Kīlauea volcano began erupting within Halema‘uma‘u crater at approximately 4:34 p.m. HST on January 5, 2023, following a couple of weeks of intermittently elevated summit earthquake activity and gradual inflationary summit ground tilt.
Kīlauea volcano began erupting 4:30 p.m. HST, January 5, 2023
Kīlauea volcano began erupting within Halema‘uma‘u crater at approximately 4:34 p.m. HST on January 5, 2023, following a couple of weeks of intermittently elevated summit earthquake activity and gradual inflationary summit ground tilt. Earthquake activity increased dramatically at approximately 3 p.m. on January 5 with increased rates of inflationary ground deformation, prompting HVO to raise Kīlauea’s alert level and aviation color code to WATCH/ORANGE and then to WARNING/RED after the eruption began.

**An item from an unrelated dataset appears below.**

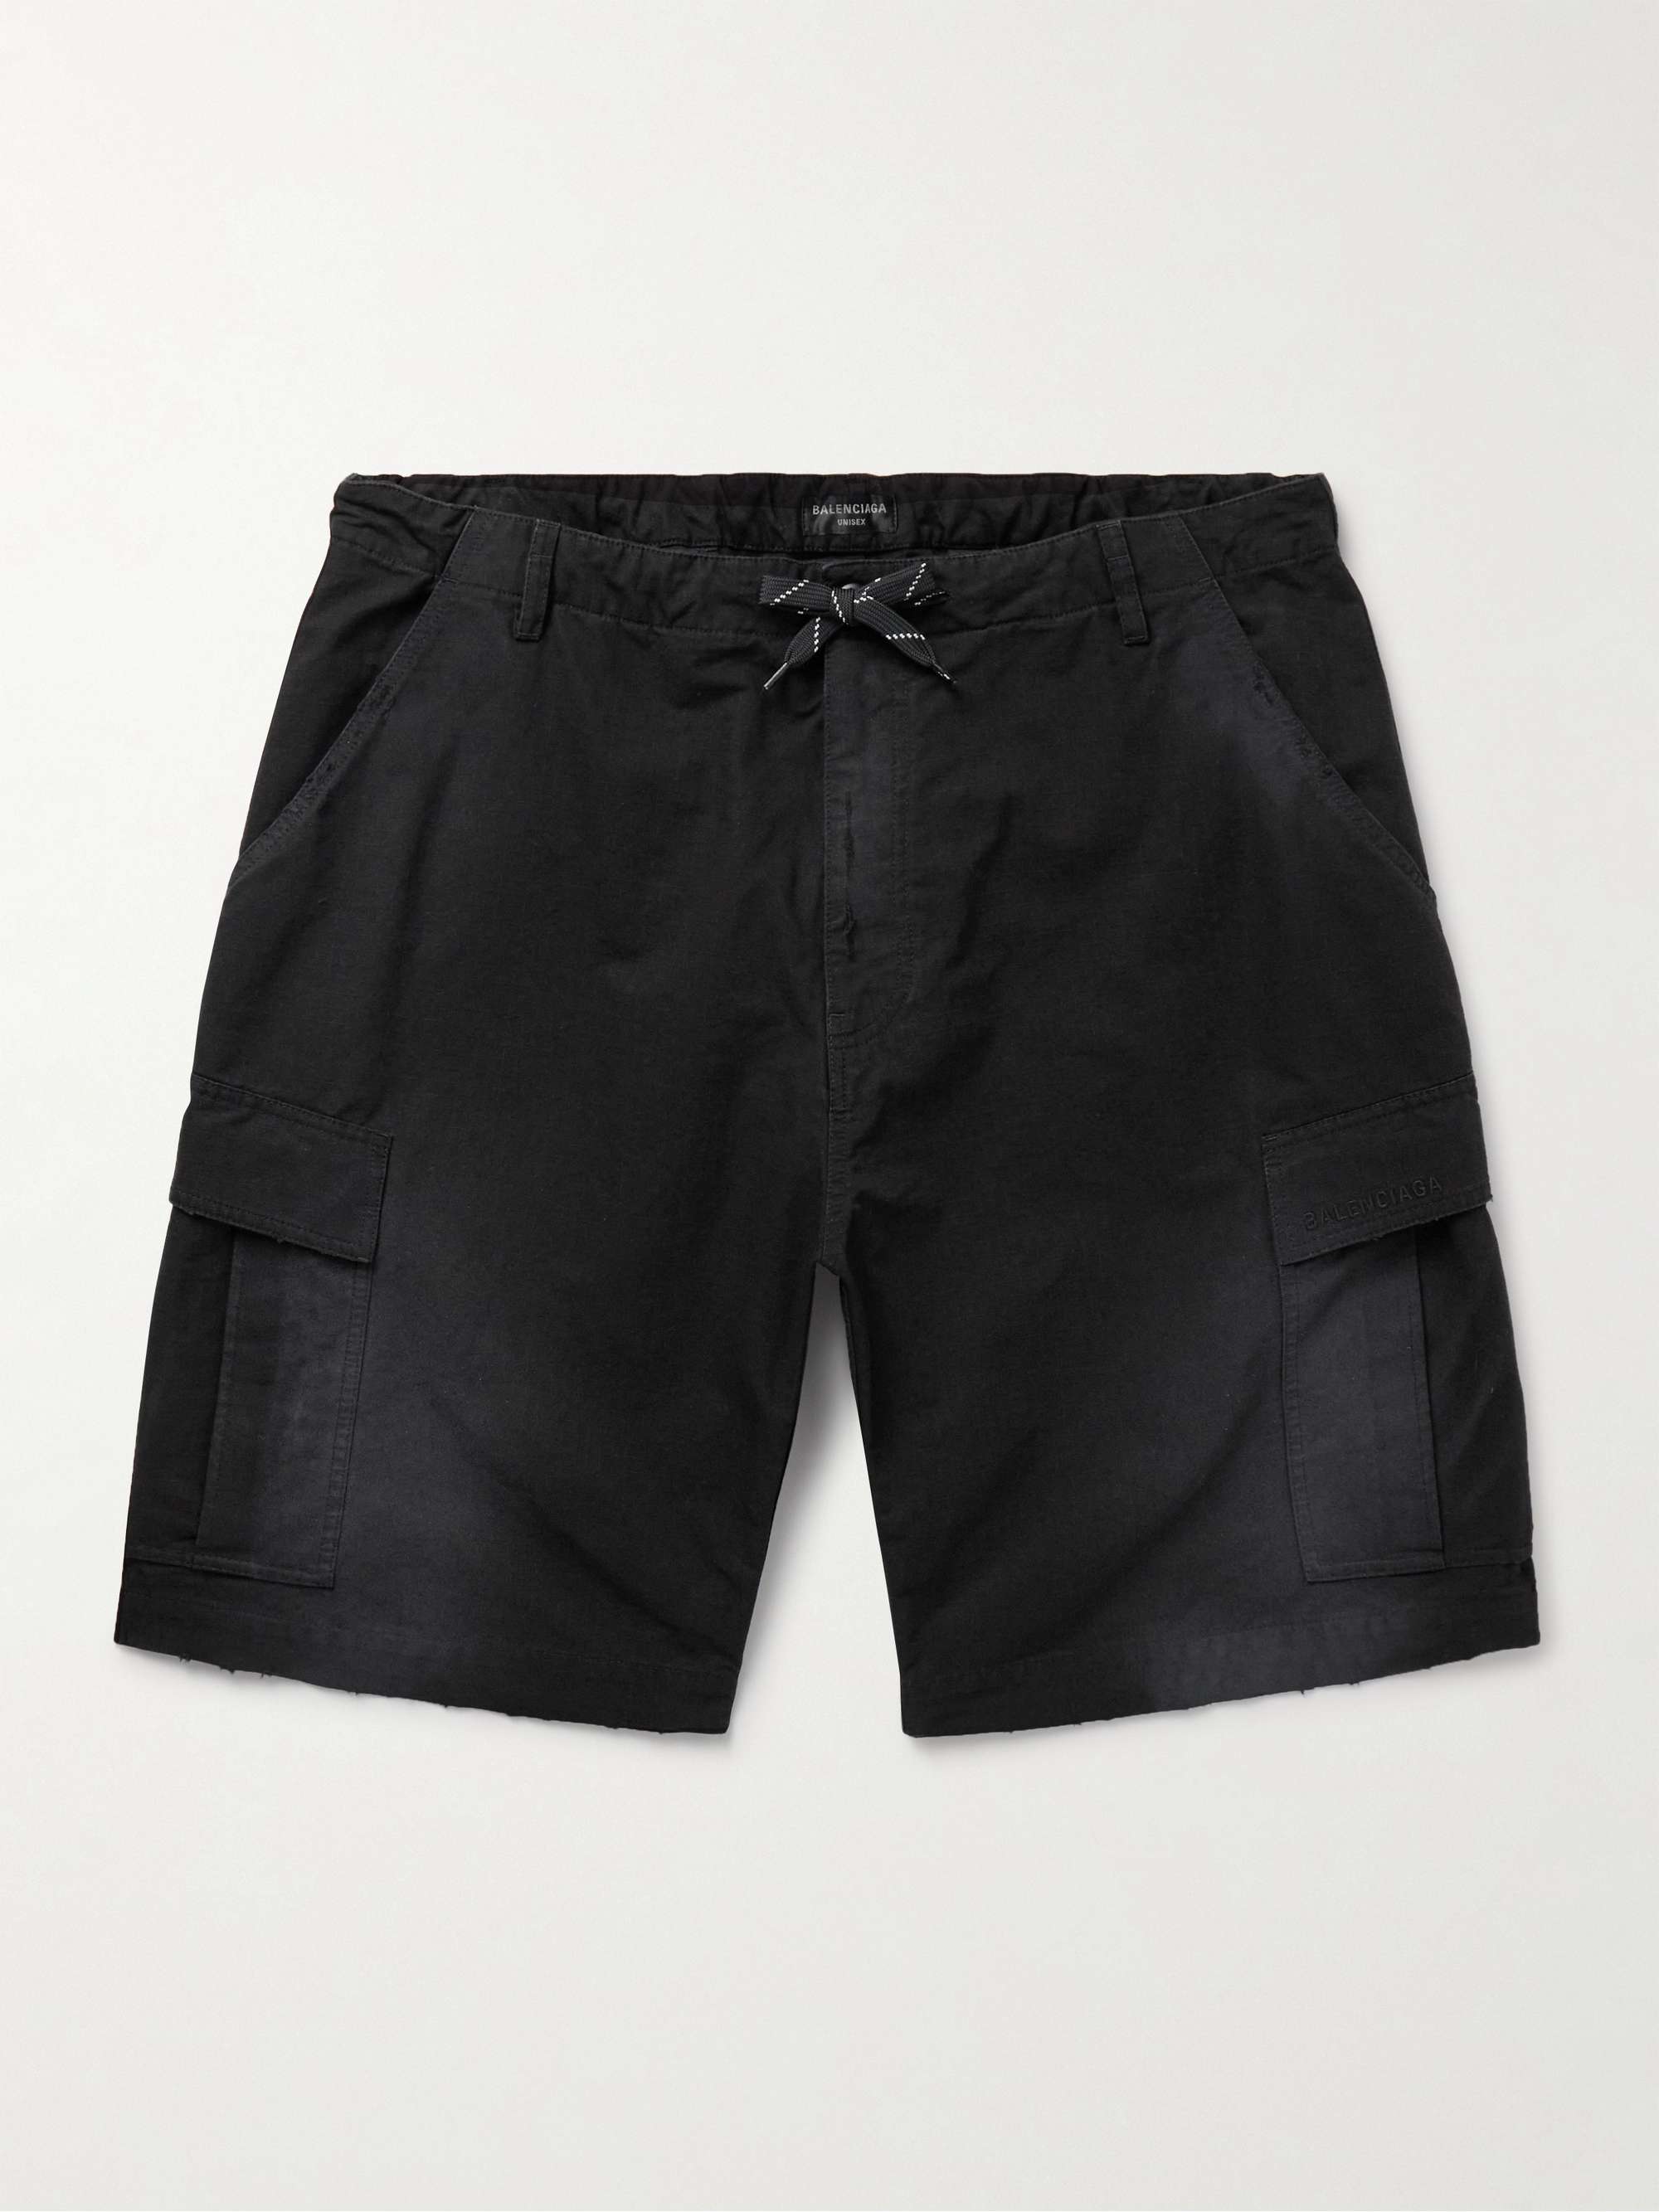 Balenciaga Wide-Leg Distressed Cotton-Ripstop Drawstring Cargo Shorts - Men - Black Shorts - L

As of 7:30 a.m. HST this morning, January 6, several very minor fountains remain active in the central-eastern portion of Halema‘uma‘u crater floor. The high initial effusion rates are declining rapidly as lava that was stored within the magma system over the past month erupts. The fountains decreased in vigor overnight and are consistently about 5 meters (16 feet) high this morning.
Lava flows have inundated much of the crater floor (which is nearly 300 acres or 120 hectares). The higher-elevation island that formed during the initial phase of the December 2020 eruption remains exposed, as well as a ring of older lava around the lava lake that was active prior to December 2022. This morning, the depth of new lava remains at about 10 meters (32 feet) at the base of Halema‘uma‘u crater.
Summit tilt switched from inflation to deflation around 5 p.m. HST yesterday, January 5, and that trend continues this morning. After the eruption onset, summit earthquake activity diminished and eruptive tremor (a signal associated with fluid movement) resumed. Volcanic gas emissions in the eruption area are elevated.
The Hawaiian Volcano Observatory has set the volcano alert level at WATCH and aviation color code to ORANGE. There is currently no threat of significant volcanic ash emission into the atmosphere outside of the hazardous closed area within Hawai‘i Volcanoes National Park.